2017 FAI Cup final
- Event: 2017 FAI Cup
| Cork City | Dundalk |
| 1 | 1 |
- Cork City won 5–3 on penalties
- Date: 5 November 2017
- Venue: Aviva Stadium, Dublin
- Referee: Paul McLaughlin
- Attendance: 24,210

= 2017 FAI Cup final =

The 2017 FAI Cup final was the final match of the 2017 FAI Cup, the national association football cup of the Republic of Ireland. The match took place on Sunday 5 November 2017 at the Aviva Stadium in Dublin, and was contested by Cork City and Dundalk.
The match was a repeat of the 2015, and 2016 finals.

The match was broadcast live on RTÉ Two and RTÉ Two HD in Ireland, and via the RTÉ Player worldwide with commentary from George Hamilton.

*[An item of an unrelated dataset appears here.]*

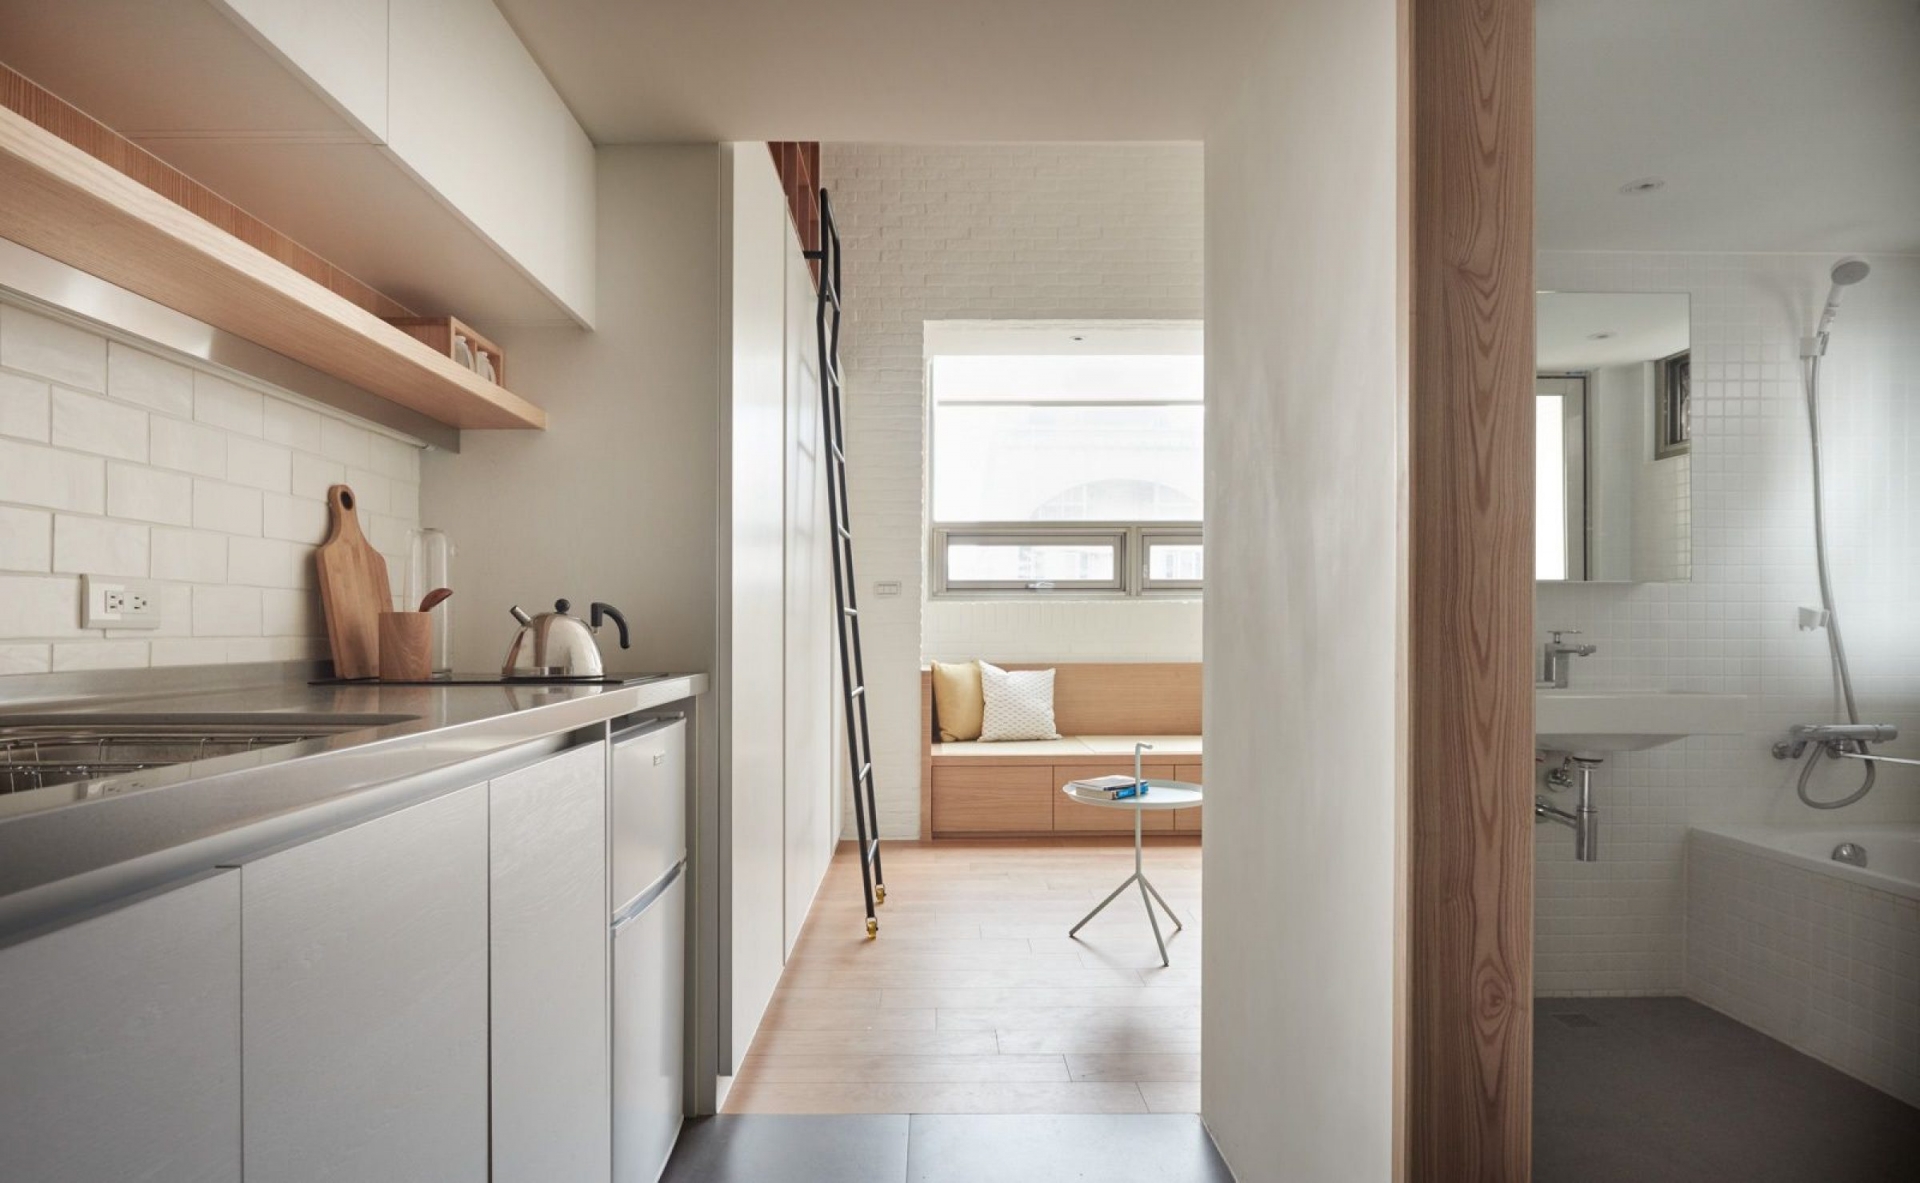 Trở xuống tầng dưới của căn hộ, bạn sẽ thấy phòng tắm được đặt song song với phòng bếp nhưng cách nhau vách ngăn bằng gỗ với lớp sơn bề mặt màu trắng.

Cork City won on penalties after the game finished 1–1, including extra time, with Kieran Sadlier scoring the winning penalty.

==Match==
===Summary===
After a 0-0 draw in 90 minutes, Niclas Vemmelund opened the scoring for Dundalk in the fifth minute of extra-time with a header into the top corner after a free-kick by Michael Duffy from the right.
Cork City were level in the 111th minute when Achille Campion chested the ball down before volleying low to the left corner with his left foot in off Gary Rogers.
The game went to a penalty shoot out. Sheppard, McMillan, Bolger, O’Donnell, McCormack, Benson and Beattie all scored before Michael Duffy's penalty was saved by Cork City goalkeeper Mark McNulty with Kieran Sadlier scoring the winning penalty for Cork City, shooting low to left corner of the net.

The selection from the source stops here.